You can check the Libs out at K5 up in Encinitas. I'm assuming you live in SD not South Dakota(they probably don't have the internet there yet) The Lynn has a mellow MTX. They have the Rice, Skunk, Lynn. Also Hansens has a bunch of Libs too.


----------



## DiamondCarver (Jan 27, 2009)

Burton sucks!


----------



## Qball (Jun 22, 2010)

DiamondCarver said:


> Burton sucks!


----------



## walove (May 1, 2009)

the phoenix (the lynn being slightly narrower and softer with 0.5" set back then the lando with 1" setback) has close to a 9m sidecut, good for high speed turns Good all mountain board. the trs and skunk apes( wide version of the trs) are true twins with a more freestyle focus, the dark series is a similar board with the "extra technology" and price. The Rice is stiffer then them all and will perform in freeride terrain. It it was me in your position i would go for the jamie lynn phoenix, just a great all mountain board.


----------



## new here (Nov 17, 2010)

*question*

Big decision here, Im 6'0 150 lbs. and sz 13 boot. Do I go with the Lib Technologies T.Rice Pro Model C2 BTX 161.5 board or the Lib Technologies Skunk Ape C2 BTX Snowboard - 157 Wide? I know I need a wide board because of the big feet but the Trice is already wide too. So will there be overhang with the Trice or what? any suggestions. Was prob goina go with the Union asdachi 3 bindings also. Please throw some advice my way. Peace


----------



## Lstarrasl (Mar 26, 2010)

new here said:


> Big decision here, Im 6'0 150 lbs. and sz 13 boot. Do I go with the Lib Technologies T.Rice Pro Model C2 BTX 161.5 board or the Lib Technologies Skunk Ape C2 BTX Snowboard - 157 Wide? I know I need a wide board because of the big feet but the Trice is already wide too. So will there be overhang with the Trice or what? any suggestions. Was prob goina go with the Union asdachi 3 bindings also. Please throw some advice my way. Peace


What kind of riding are you doing?


----------



## new here (Nov 17, 2010)

probably a little bit of park and some just down the mountain. The condiitions are goina be that of the east coast.


----------



## walove (May 1, 2009)

skunk ape it is, no question. It'll just be a more fun board to ride.


----------



## thecadgod (Nov 2, 2010)

So I cant speak for those other boards but I can talk about the TRS C2. Great board. Im love it. In the powder it is amazing. I cant wait till my next heli trip. The rocker on the nose keeps the nose outa the snow with ease. The magnatraction really digs in on the groom runs. The board turn with no effort in soft snow it is a great board in powder it is even better. On the hard pack groom snow it is a bit squirly. I can not hold the speeds I used to on the steep hard snow. The magnatraction helps hold a edge and is great. Thanks to everyone. Ride or die!


----------



## ylnad123 (Jan 2, 2010)

walove said:


> the phoenix (the lynn being slightly narrower and softer with 0.5" set back then the lando with 1" setback) has close to a 9m sidecut, good for high speed turns Good all mountain board. the trs and skunk apes( wide version of the trs) are true twins with a more freestyle focus, the dark series is a similar board with the "extra technology" and price. The Rice is stiffer then them all and will perform in freeride terrain. It it was me in your position i would go for the jamie lynn phoenix, just a great all mountain board.

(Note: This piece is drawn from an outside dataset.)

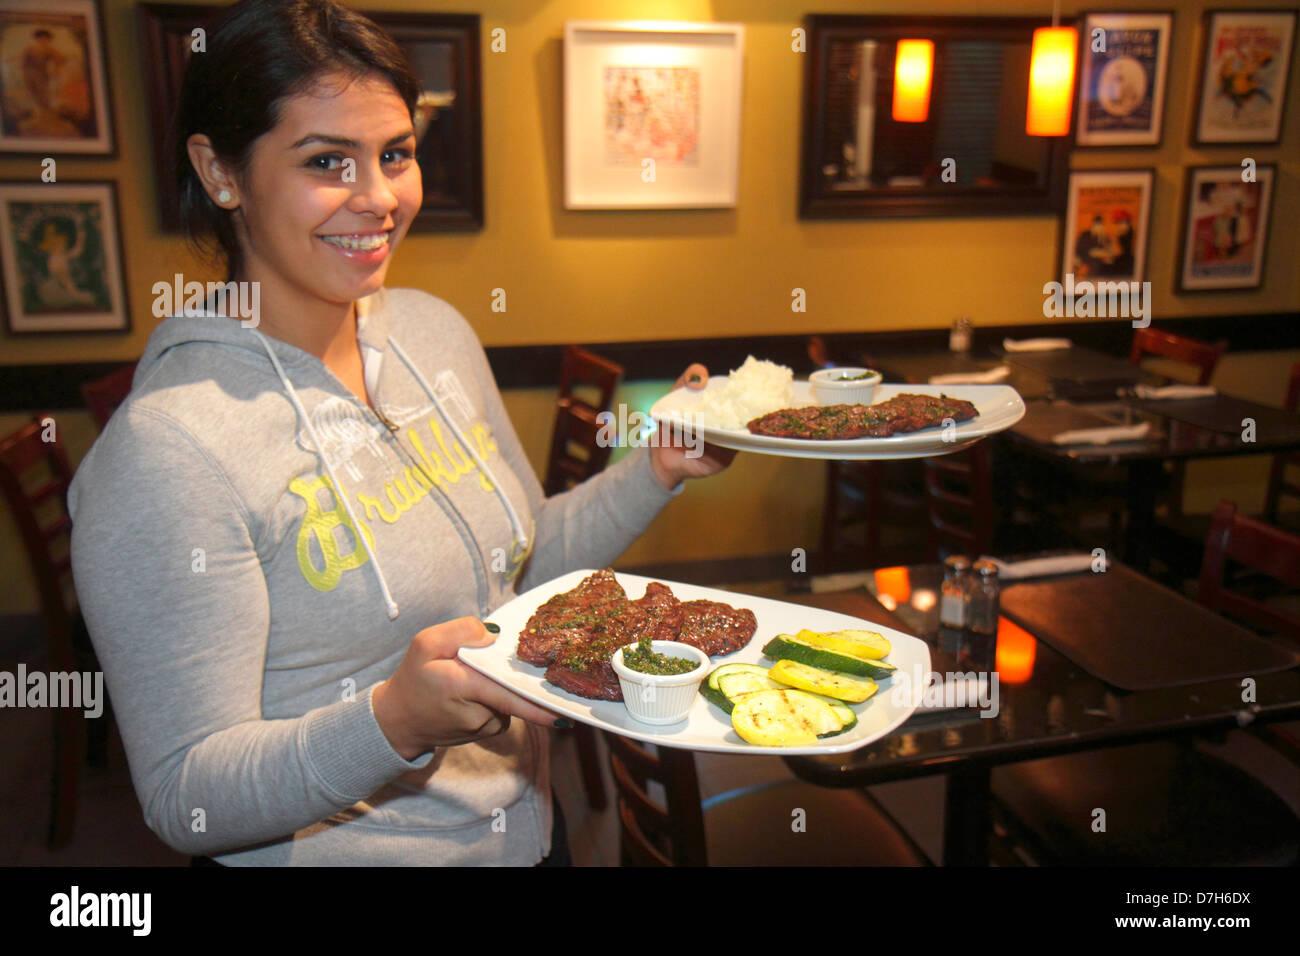 Miami Florida Coral Way 1401 Argentinean Bistro restaurant Hispanic teen girl waitress working job serving plates Stock Photo
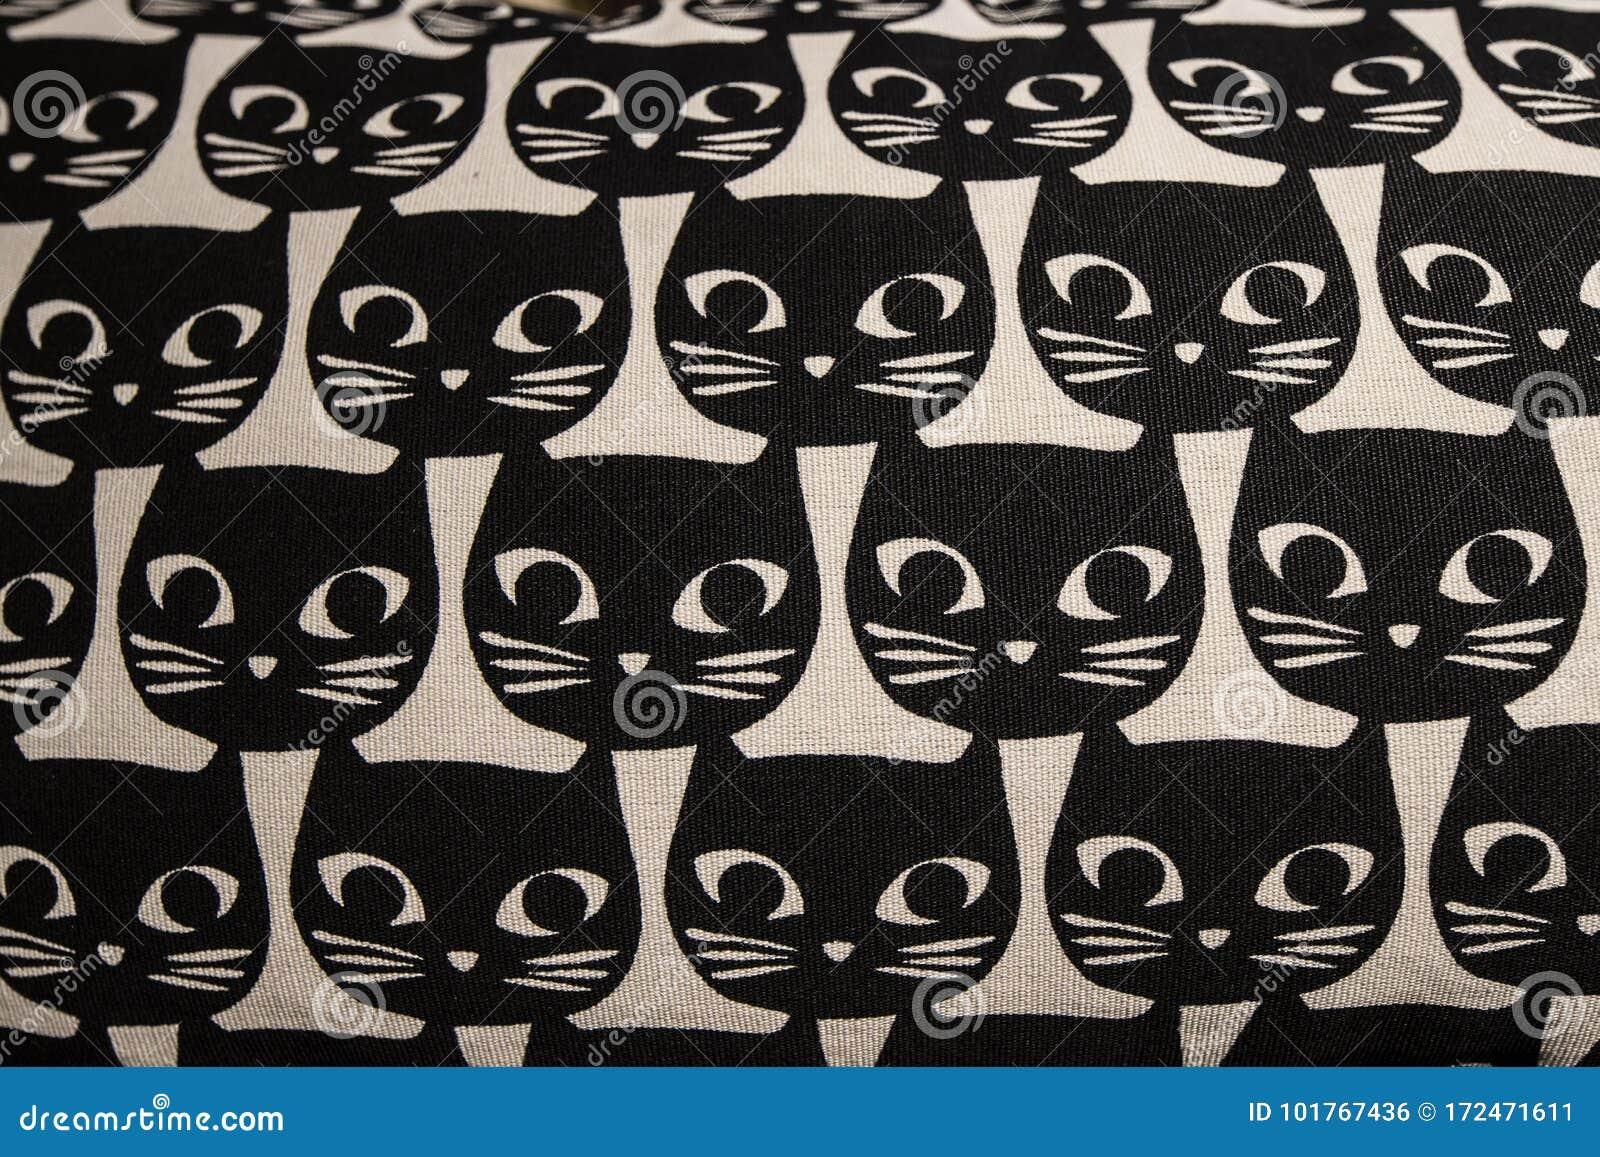 Cat head cartoon pattern

I am pretty sure the dark series is stiffer than the t.rice.


----------



## carverboy (Jan 3, 2011)

I'm riding the T. Rice 157 I'm 168 pounds 5'8" I have not ridden the Dark series but the rice is pretty darn stiff. It slays powder and ollies well. Magnatraction sealed the deal for me as we have a lot of ice here in the south east. I find the rocker to take a lot less effort to ride than my camber boards. I do miss the serious pop out of a turn you get with conventional camber but the C-2 seems like a good compromise.
I did not care for the regular banana boards I rode last year as they seemed to dead coming from camber. I would not ride a rocker without some form of mag on it.


----------